Consider that the point of the binary divide is to elicit the greatest emotional response from us, which is what is necessary to makes us controllable and predictable. Stop hating. Start understanding. Seek to understand. I know many of us “smart people” do this in a lip-service kind of way. We turn on Fox News or read The Epoch Times or mildly indulge a differently identifying friend or relative on an issue, mainly getting through the exercise by suppressing our feelings or zoning out completely. That’s what would be called “staying in the same level of consciousness that created the problem.” The problem being the illusion of separation. The greater your investment in the illusion, the more intense will be your indignation at having it called that. The stronger your identification with the artificially grafted belief-system, the more you’ll feel attacked by this notion. And that is your sign, as well as your guide, for how to get back to yourself.
Stop going against. Ask yourself what you’re for. The quality of your truth is a reflection of the quality of your questions. Ask better questions. Recognize the difference between a genuine question and a veiled accusation: “What is wrong with these people?” is not a question. “What am I missing here?” is. Listen to the late civil rights icon John Lewis, who asked in this beautiful interview with Krista Tippett’s On Being: “What is America for?” What is it about what you think is or want to be true that is so important to you? What vision are you advocating for? You’ll notice when you start framing your position in terms of positives rather than negatives that we have more in common than what divides us. At heart we are the same. It is always more important for us to be able to love each other than to agree with each other. Direct the outrage at the forces that have managed to dupe us into believing HALF OUR NATION deserves our pity at best, a slow demise at worst. How horribly dehumanizing. How sad that we have let this happen. Stop attacking the ants who look different from us and start looking for the f**** who’s shaking the glass.
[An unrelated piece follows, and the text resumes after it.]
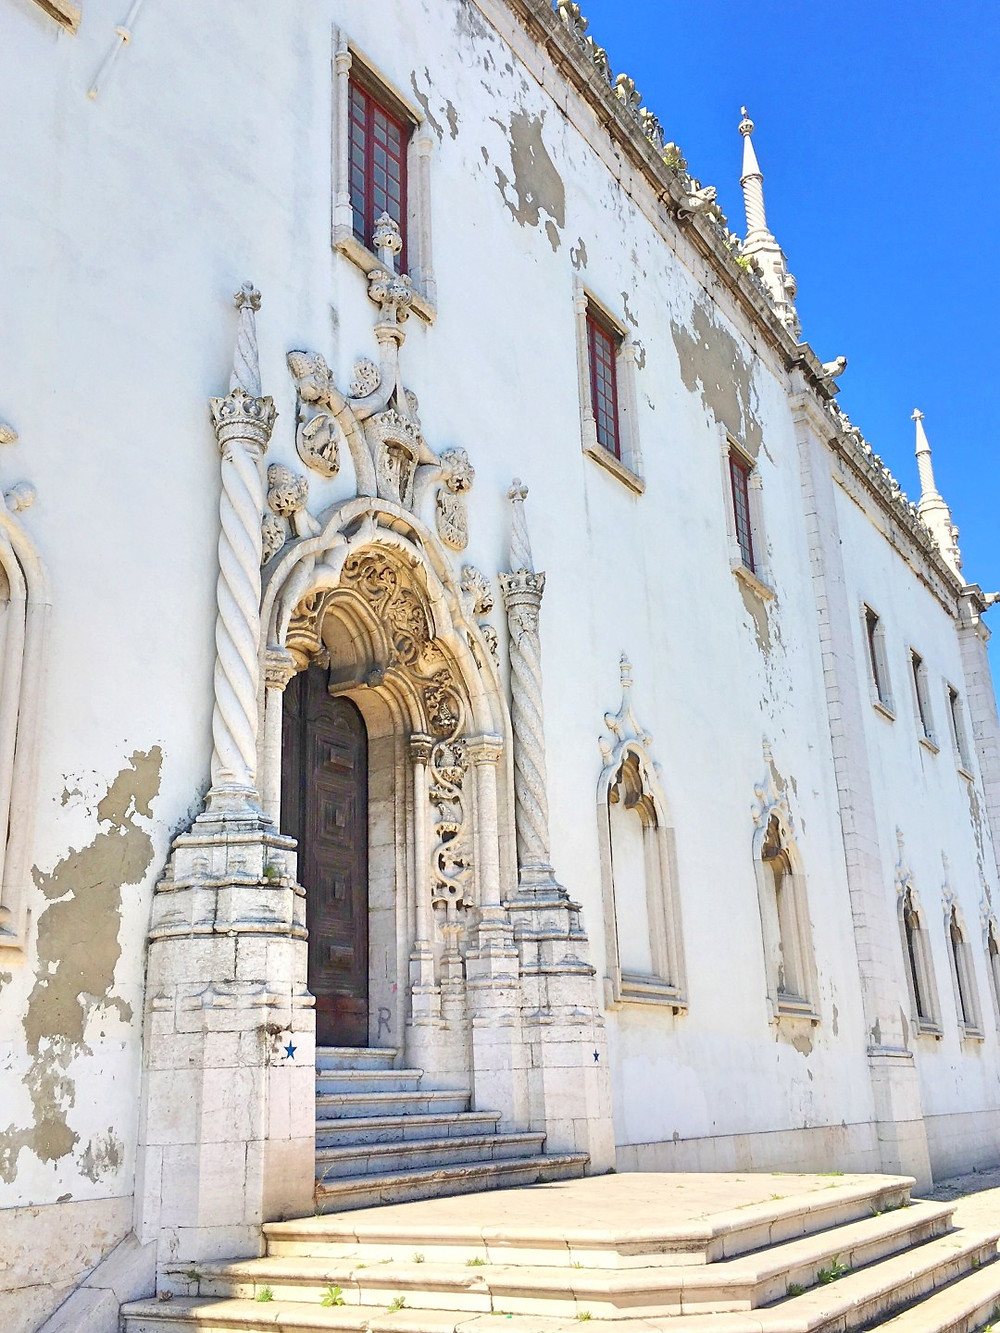 facade of Lisbon's National Tile Museum with a Manueline door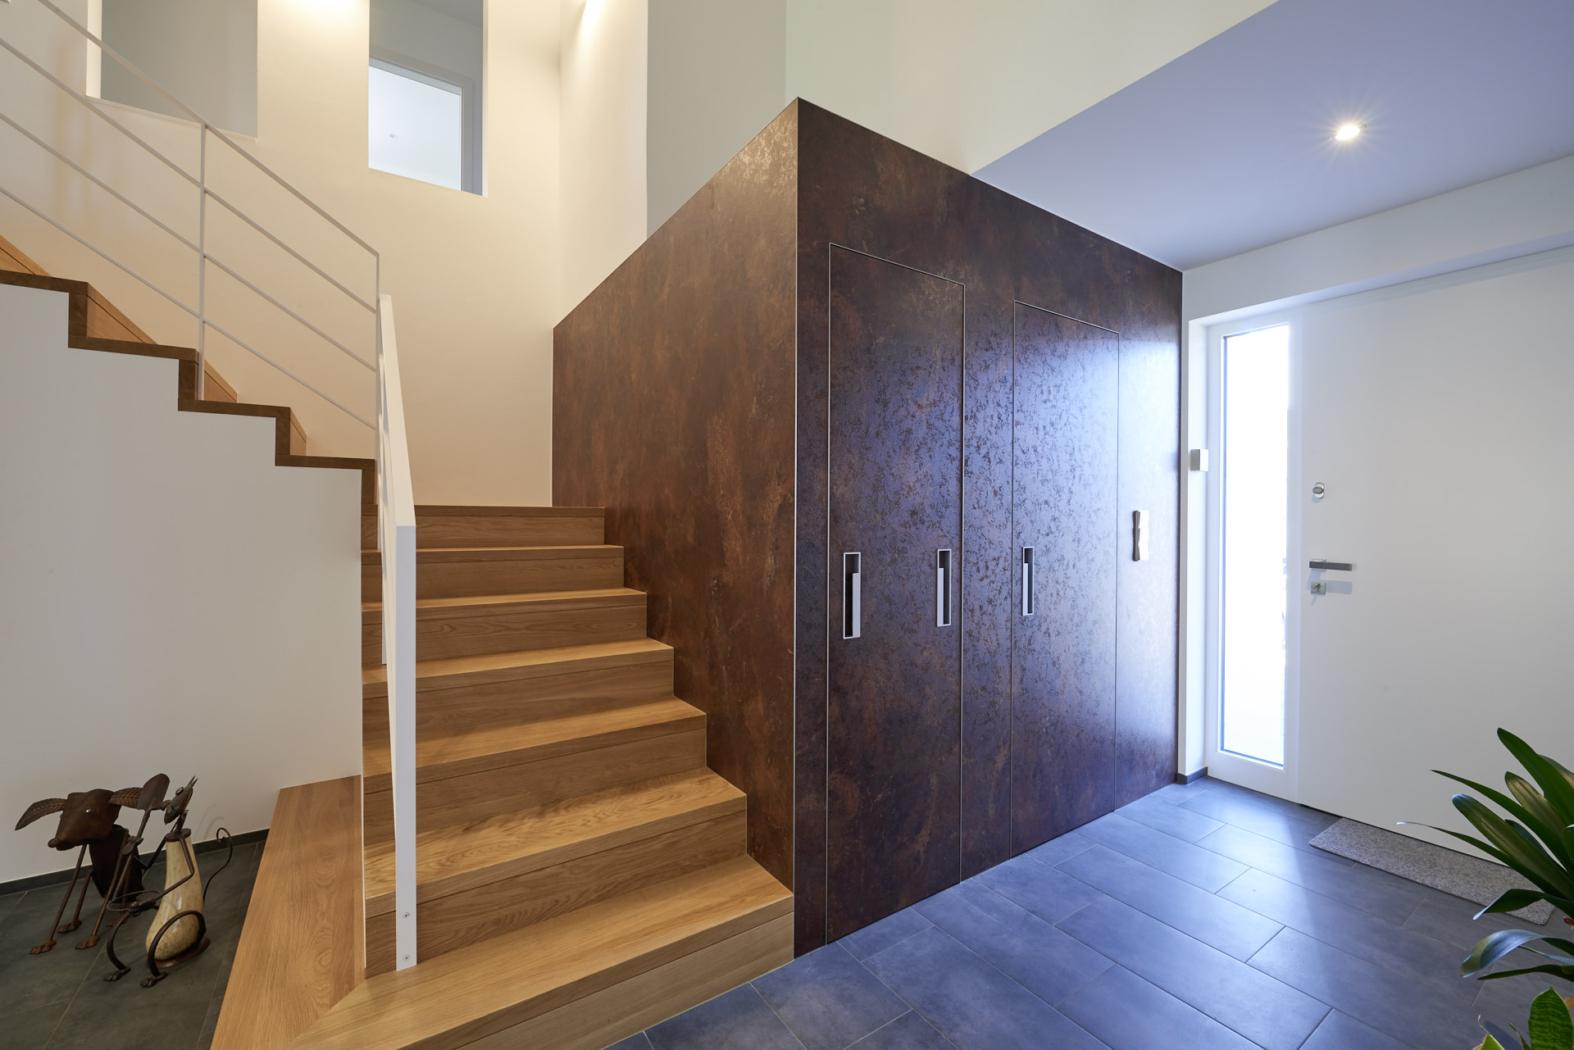 Berühmt Treppen l Eingangsbereich - Ardena MC05

Media plays on our emotions because the forces protecting the status quo know that feelings precede reason. We have now been able to prove even “scientifically”—and blessed be the day when we outgrow that straight-jacket of a paradigm—that physiology precedes rationality. If you’ve done any therapeutic healing and self-awareness work at all you’ll know that emotional realities are what give rise to stated opinions. The stated opinions are formulated after the fact, and are an expression of a person’s underlying state of mind, not a description of state of affairs in the “outside” world. Nothing will ever be resolved by re-arranging the external furniture, or by putting a different puppet in a white house, or by a “scientific breakthrough,” or a “wonder drug,” or a “pill” that will make it all go away. Nothing will go away until you face it: at its source; which is always inside you. Inside us. Nothing will get better until we face it there. And heal.